Как бы то ни было, свобода личности самостоятельно определяться со смыслом существования становится все более очевидной. Неизвестно, когда произойдет ее окончательное признание, но, когда это случится, станет ясно, что арт-рынок не самодовлеющая демоническая структура, не ужасное порождение внечеловеческих сил, порабощающих личность, и его креаторы не всесильны. Мера участия человека в арт-рынке определяется им самим. Внутри структуры личности – и только там – всякий раз обнаруживается субъективная граница между свободой реализации собственного смысла и цеплянием за вещи. Вдруг обретенное ощущение границы даст признание, что личность не предназначена к растворению в вещах. Тотальность арт-рынка предполагает открытую каждому возможность преодолеть страх утраты связности с вещами и обрести свободу смыслообразования. В какой-то мере это уже и есть так. Бесполезно говорить о порабощенности эстетизмом субъекта постмодерна, ибо все, что относится к простору личностной свободы, остается сокрытым от взора аукциониста, дизайнера, социолога или философа.

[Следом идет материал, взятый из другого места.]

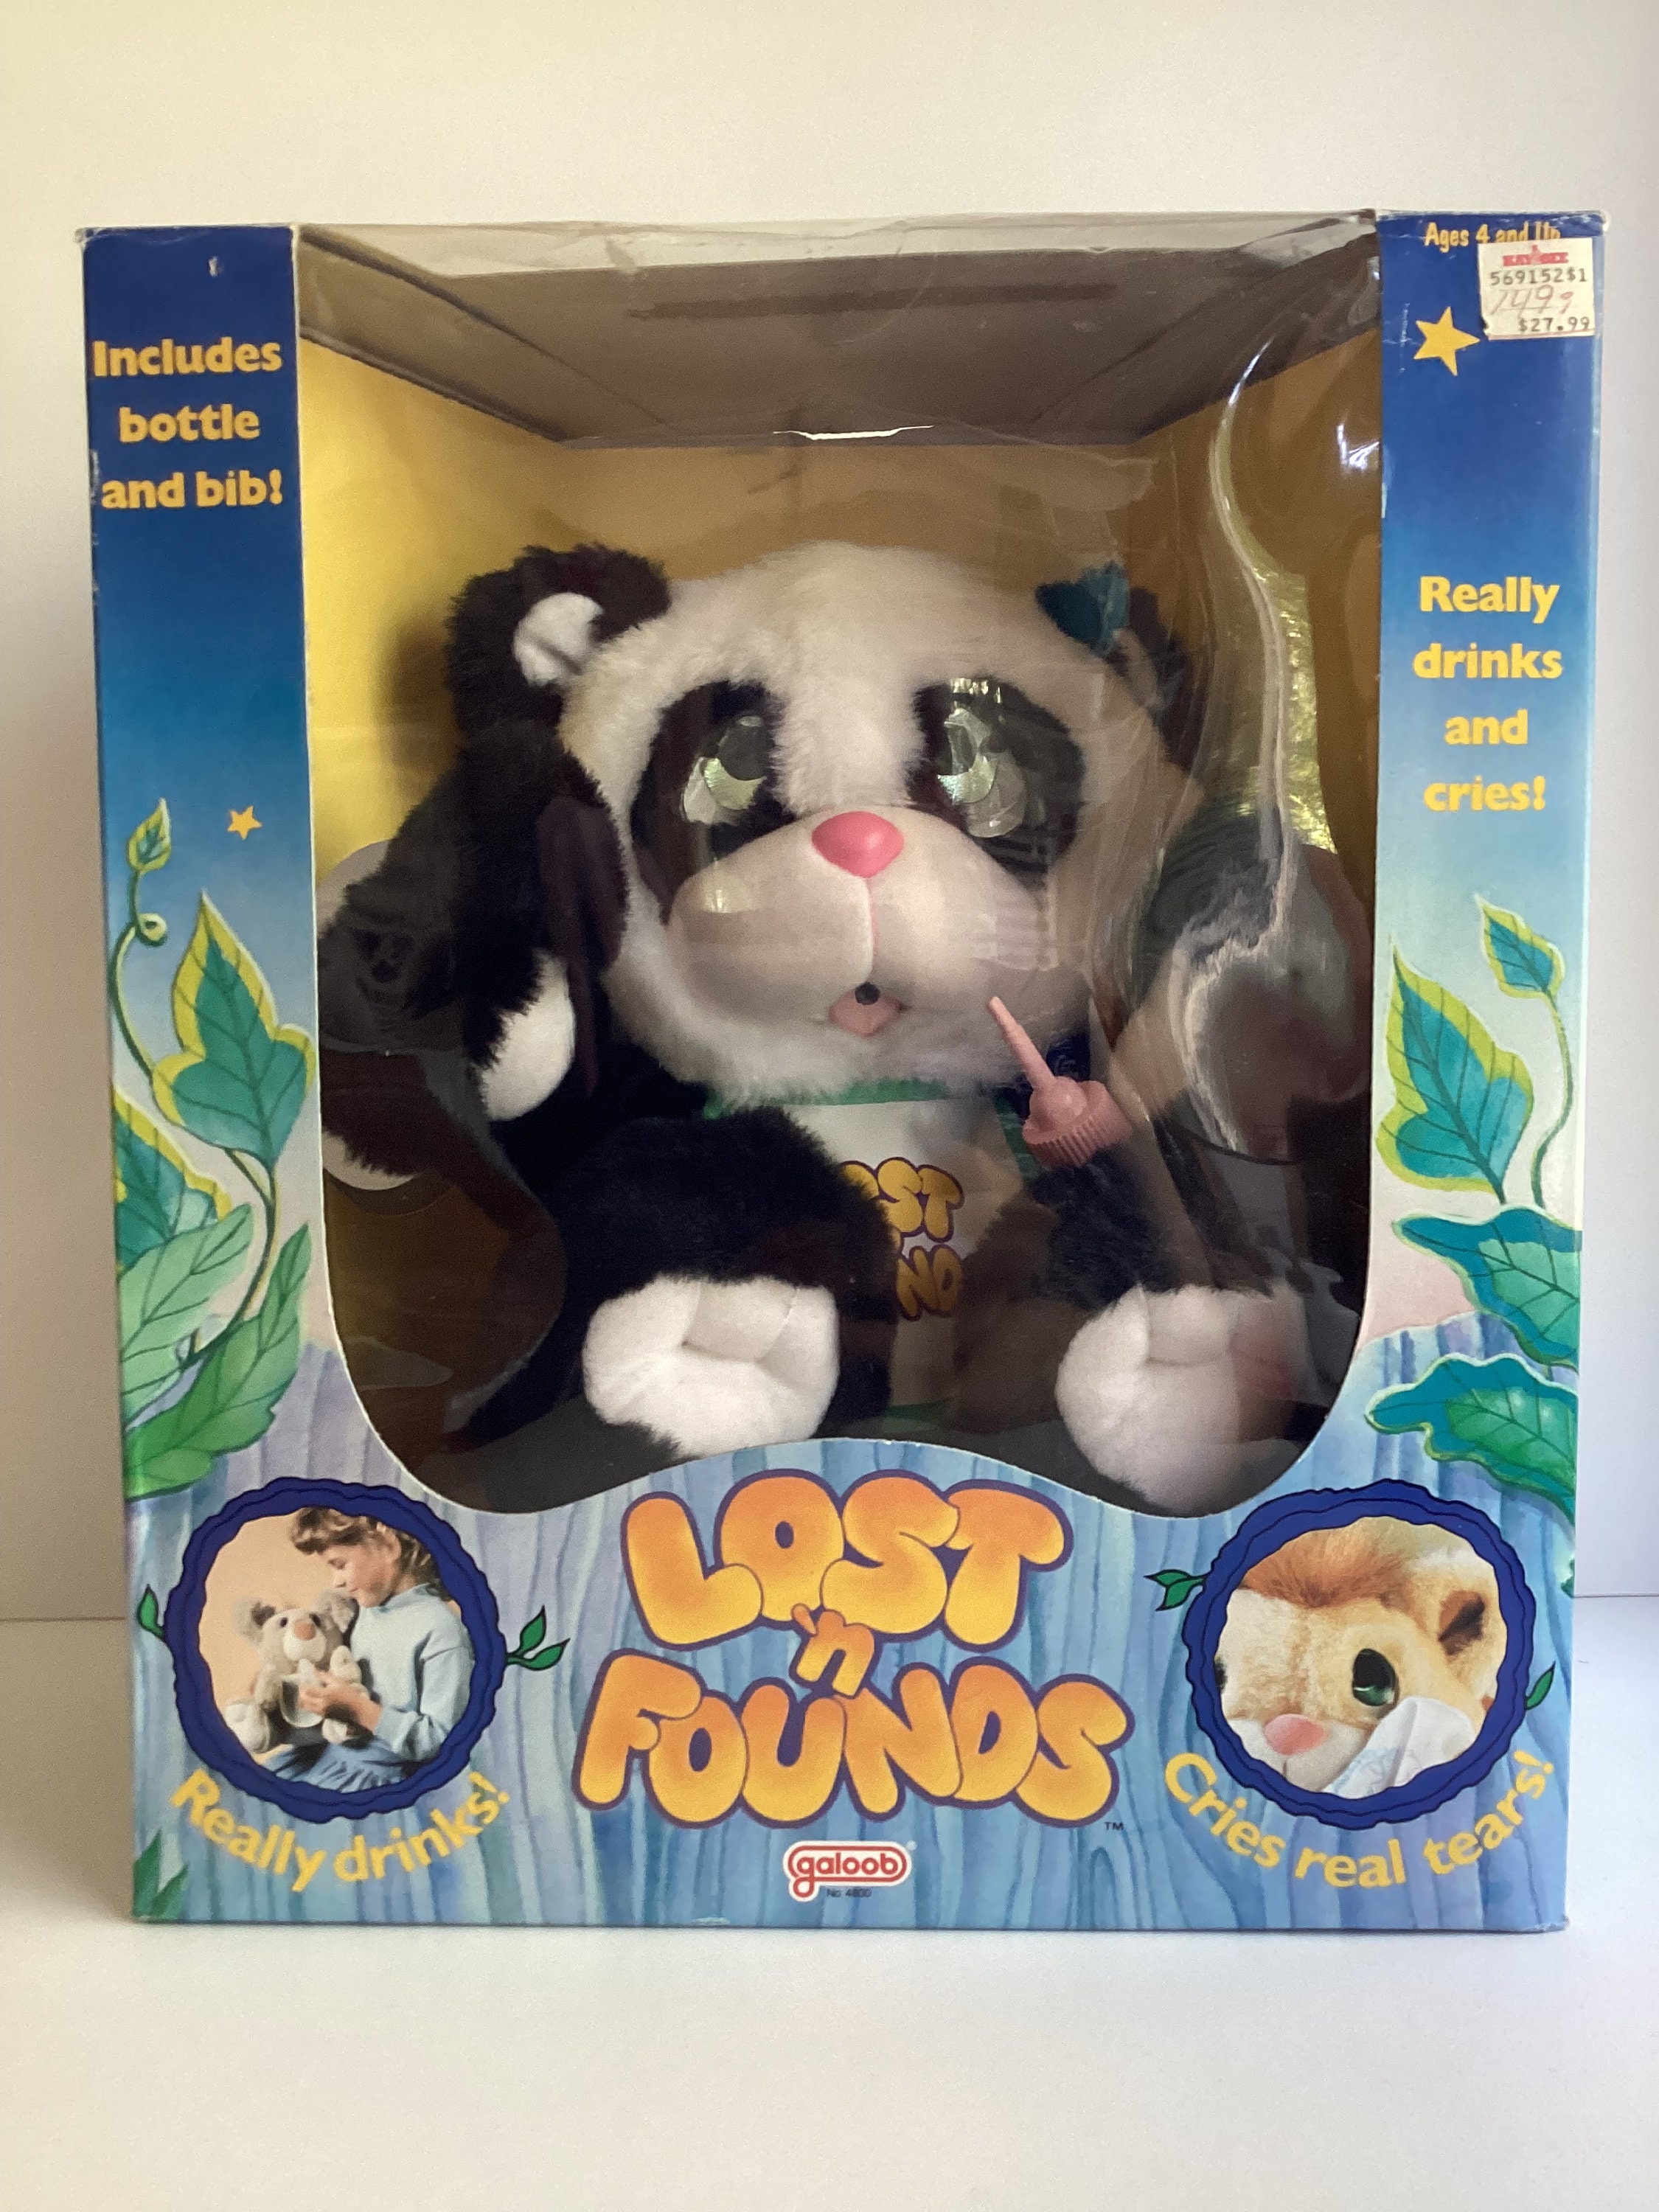 LONGBO Panda Bear Soft Plush Stuffed Animal Toy 4 China ornament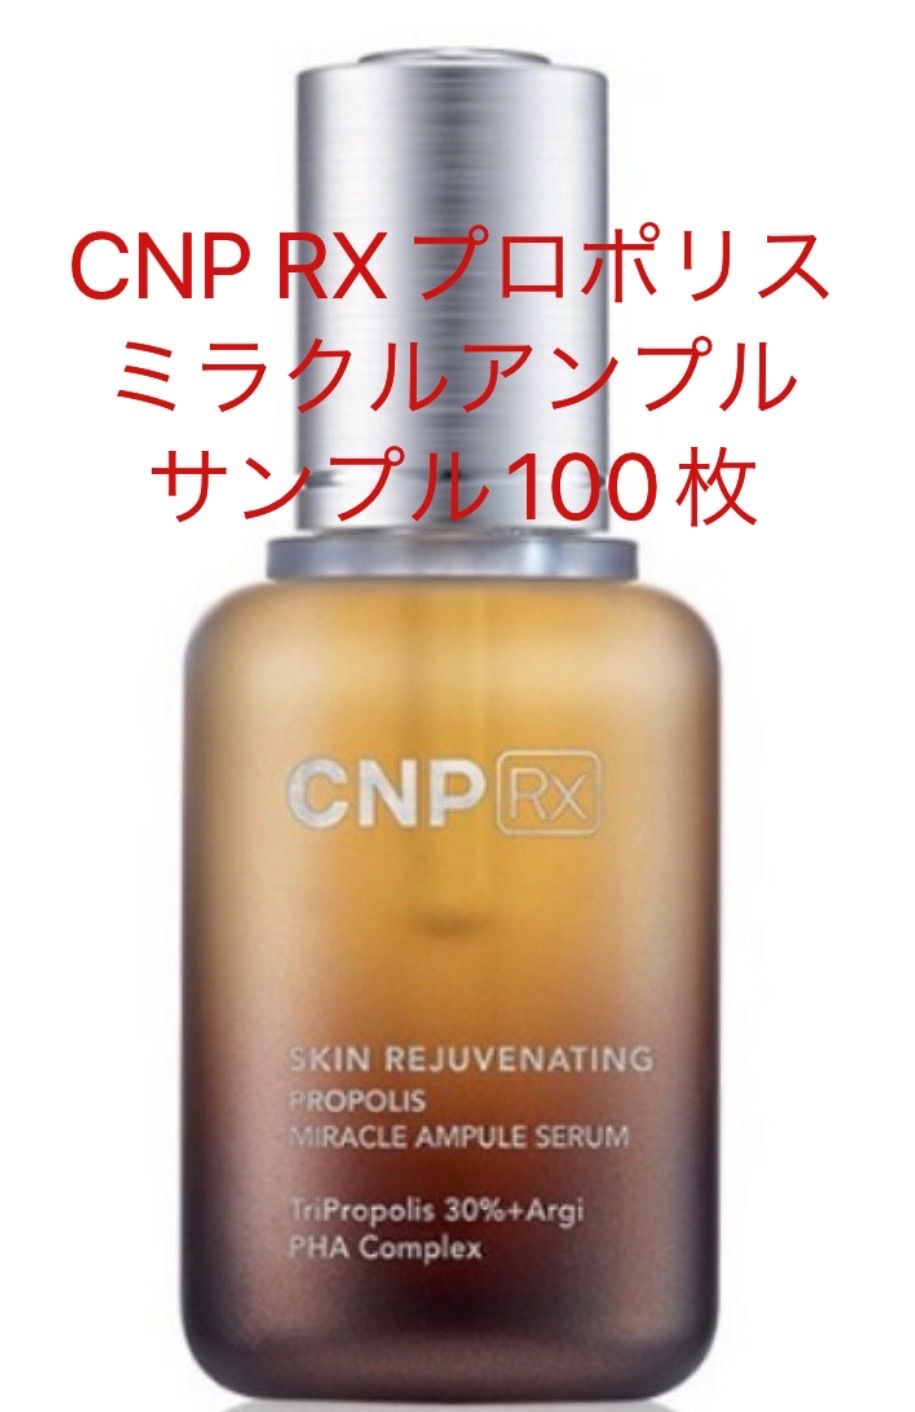 ブランド品 CNP Rx スキン リジュー ヴィネイティング ミラクル エッセンス ×100

Координаты свободы могут быть обозначены и вещами. Тогда означаемое ими составит пространство Дома личности, в котором теплится неразгаданная тайна бытия. В силах человека задуматься, где ему быть – в Доме или в его обезличенной, но комфортной копии. Первый можно потерять и переживать потерю как утрату, изгнание, но озаренное в нем восстанет, воссоздастся в душе. И наоборот – покинутый человеком Дом опустеет без него. Потеря копии Дома ведет к аннигиляции, саморазрушению личности, оставшейся без продолжения телесности как условия существования. А исчезновение человека там, где вещи стали заменой человеческих отношений, незаметно – он исчезает, как одна из декоративных фигурок из дизайнерской студии.
Процесс различения границы неподвластен манипуляциям. Его можно не заметить, осмысленно игнорировать, пытаться целенаправленно подавить, но от этого ничего не изменится. Ж. Делез многократно показывает: различение делается одним из основных событий экзистенции, от которого зависит понимание справедливости, прощения, дара, дружбы… [161; 162].
Человечество неуклонно движется по пути своего взросления. Личность интенционально уже направлена к обретению идентичности, к открытию способа самопознания. Никто не знает, как и когда это произойдет. Но признание свободы собственной идентичности и, что еще важнее, ответственности за ее обретение предрешено манящим простором осуществления тайны бытия в глубине внутреннего мира личности.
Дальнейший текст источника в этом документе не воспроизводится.